The call of the function is illustrated here:

loess_1 <- acc_loess(
  resp_vars = "SBP_0",
  group_vars = "USR_BP_0",
  time_vars = "EXAM_DT_0",
  co_vars = c("AGE_0", "SEX_0"),
  min_obs_in_subgroup = 30,
  label_col = LABEL,
  study_data = sd1,
  meta_data = md1,
  plot_format = "BOTH"
)

The first plot is obtained by calling loess_1$SummaryPlotList[[1]] and provides panels for each subject/object. The plot contains LOESS-smoothed curves for each level of the group_vars. The red dashed lines represent the confidence interval of a LOESS curve for the whole data.

Output 1:

Output 2:

The second plot combines all levels of group_vars:

Interpretation

The following aspects should be considered when investigating the plots:

Random fluctuation

If changes in all levels of the group_vars appear at random, no systematic trends over time are likely.

Seasonal trends

If seasonal trends such as sigmoidal curves are observed in one or selected levels of the group_vars, intermittent location shifts are observed.

Persistent trends

As shown in the example above for “USR_482”, persistent trends in one or selected levels of the group_vars imply a systematic change in measurements over time. If a fitted curve exceeds the confidence band of dashed red lines of the overall distribution a severe shift is observed.

Discrete processes

If for one level of the group_vars a complete separation of the LOESS curve compared to all other levels is apparent, systematic differences in measurements are likely which are independent of time.

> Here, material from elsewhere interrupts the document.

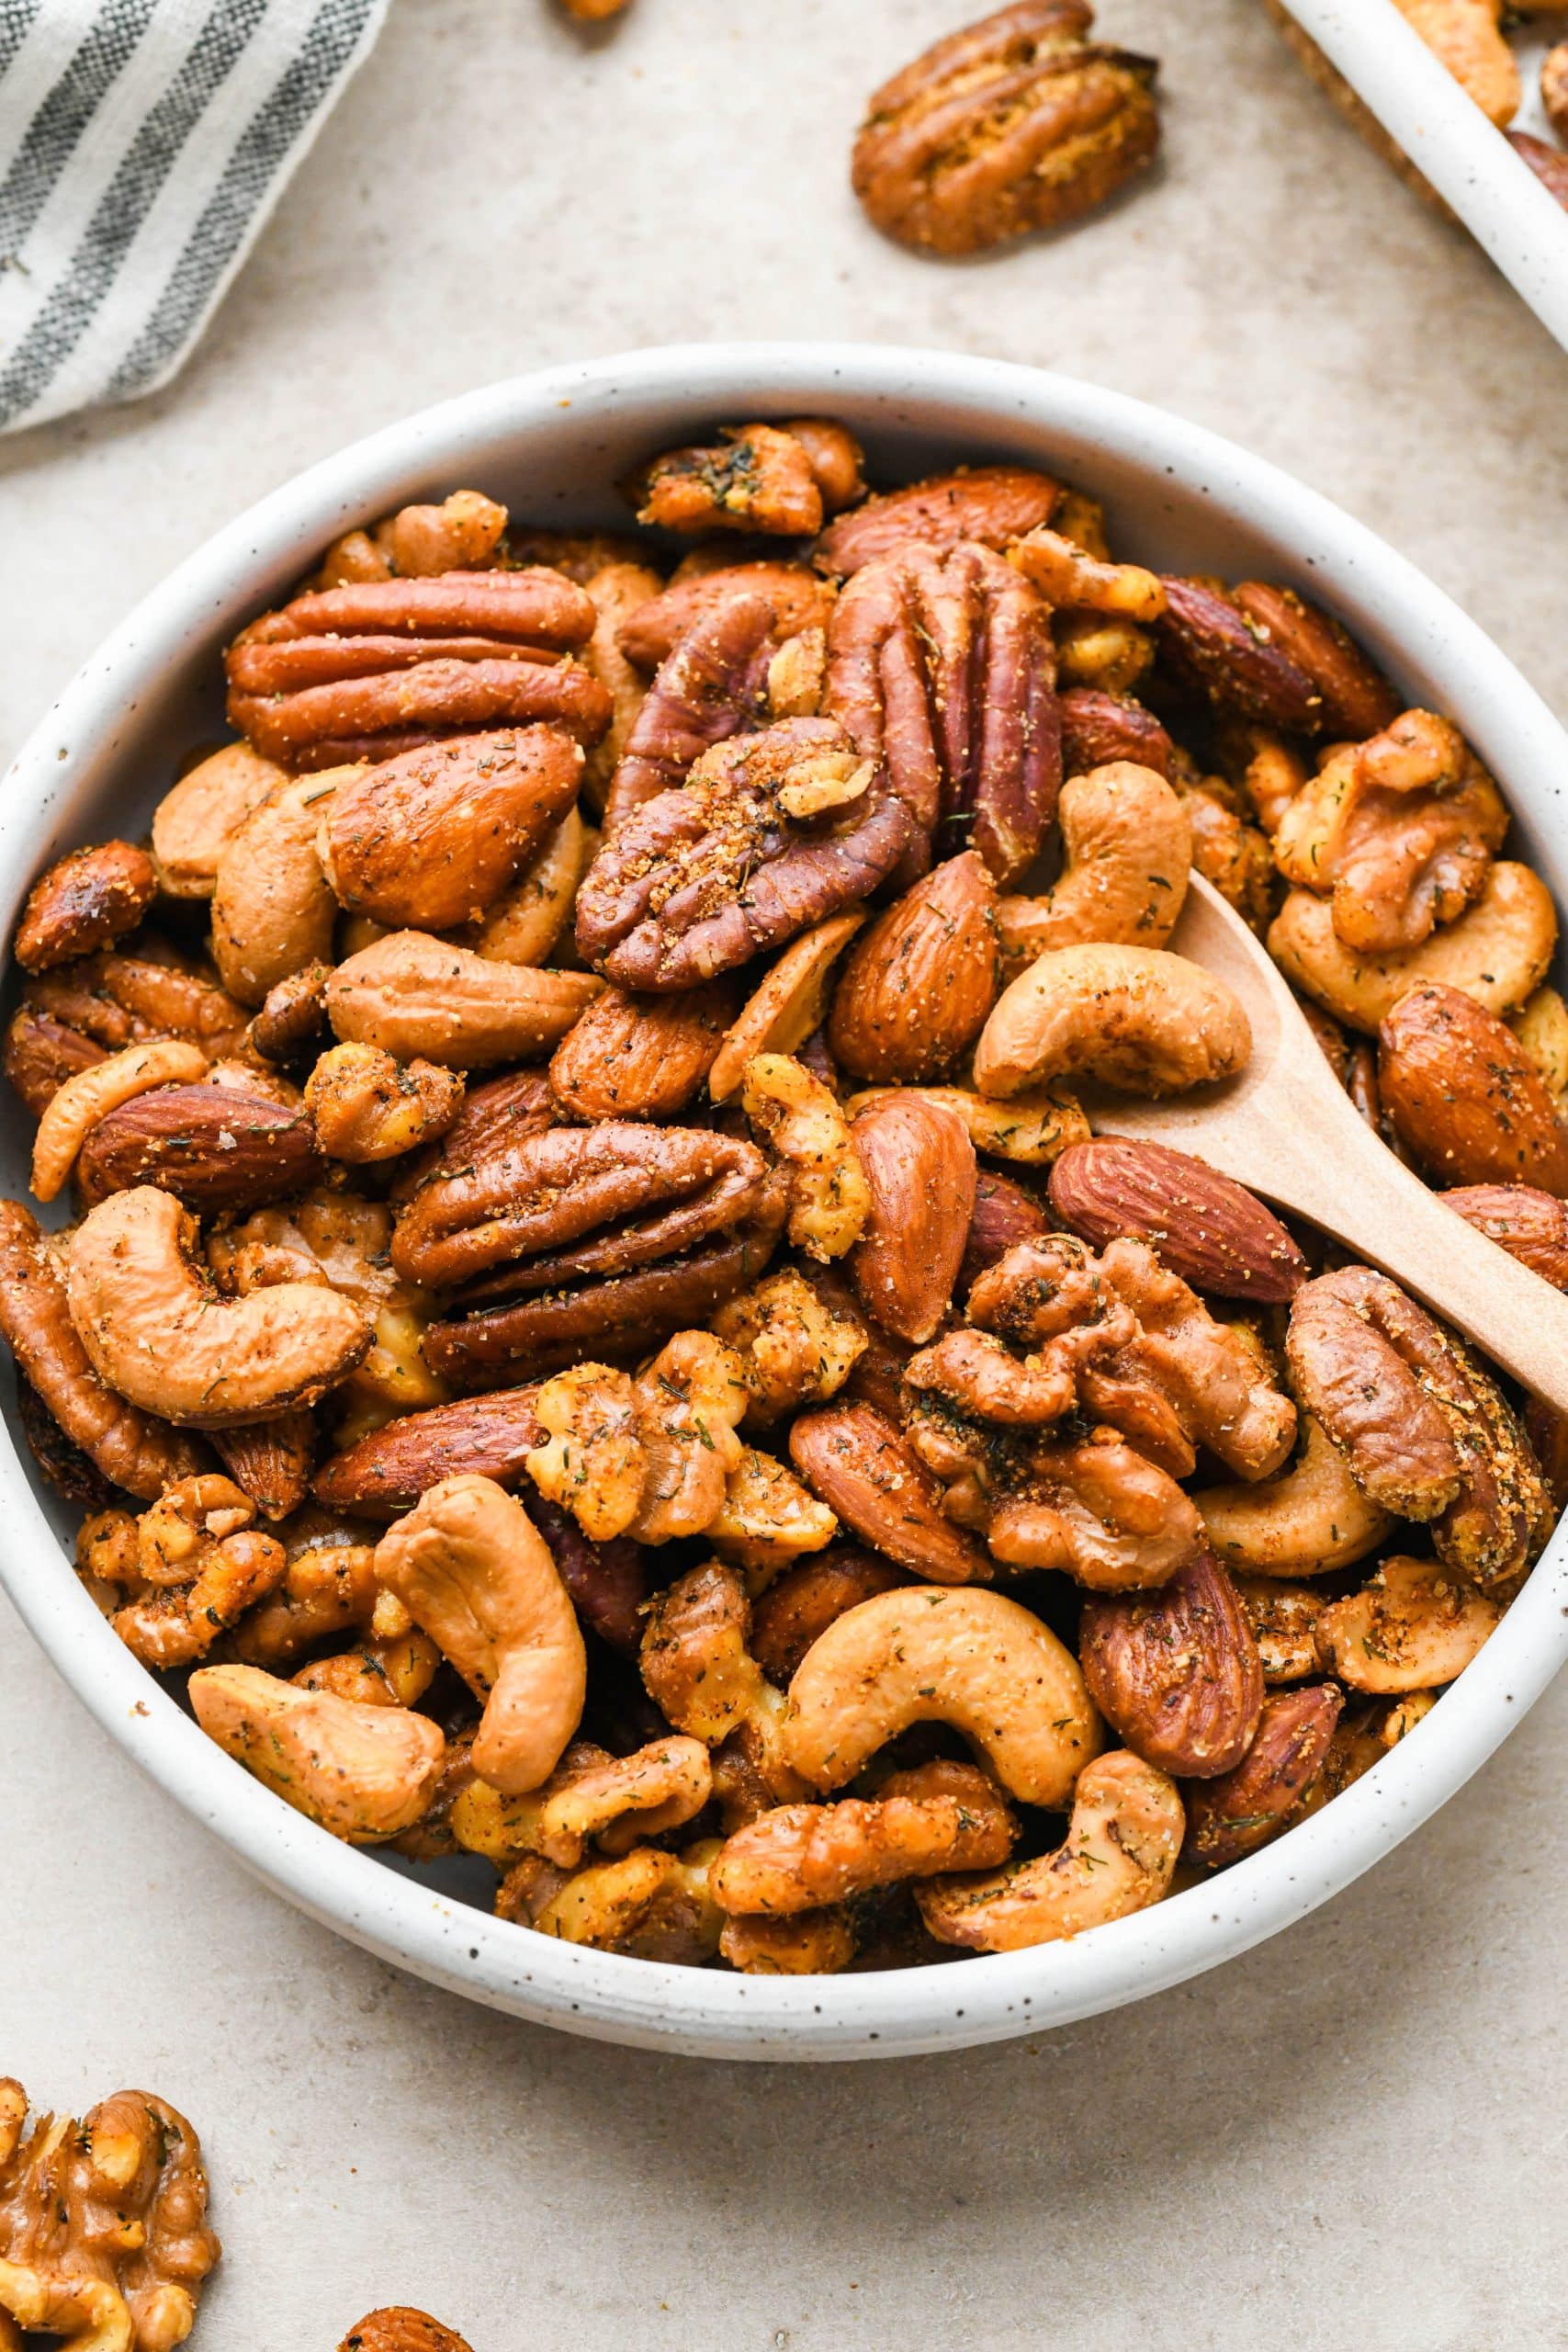 ALMOST-EVERYTHING TRAIL MIX - THE SIMPLE VEGANISTA

Algorithm of the implementation

  1. This implementation is yet restricted to data of type float.
  2. Missing codes are removed from resp_vars (if defined in the metadata)
  3. Deviations from limits, as defined in the metadata, are removed
  4. A linear model is estimated for resp_vars using co_vars for adjustment.
  5. The residuals of the model in (4) are used to fit LOESS for each level of the group_vars statement along with date-values of a time_vars statement.
  6. A summary plot is generated for each level of group_vars.

Limitations

The application of LOESS usually requires model fitting, i.e. the smoothness of a model is subject to a smoothing parameter (span). Particularly in the presence of interval-based missing data (USR_181), high variability of measurements combined with a low number of observations in one level of the group_vars the fit to the data may be distorted. Since our approach handles data without knowledge of such underlying characteristics, finding the best fit is complicated if computational costs should be minimal. The default of LOESS in R uses a span 0.75 which provides in most cases reasonable fits. The function above increases the fit to the data automatically if the minimum of observations in one level of the group_vars is higher than 30.

Concept relations

Cleveland, W.S., Devlin, S.J., and Grosse, E. (1988). Regression by local fitting: Methods, properties, and computational algorithms. Journal of Econometrics 37, 87–114.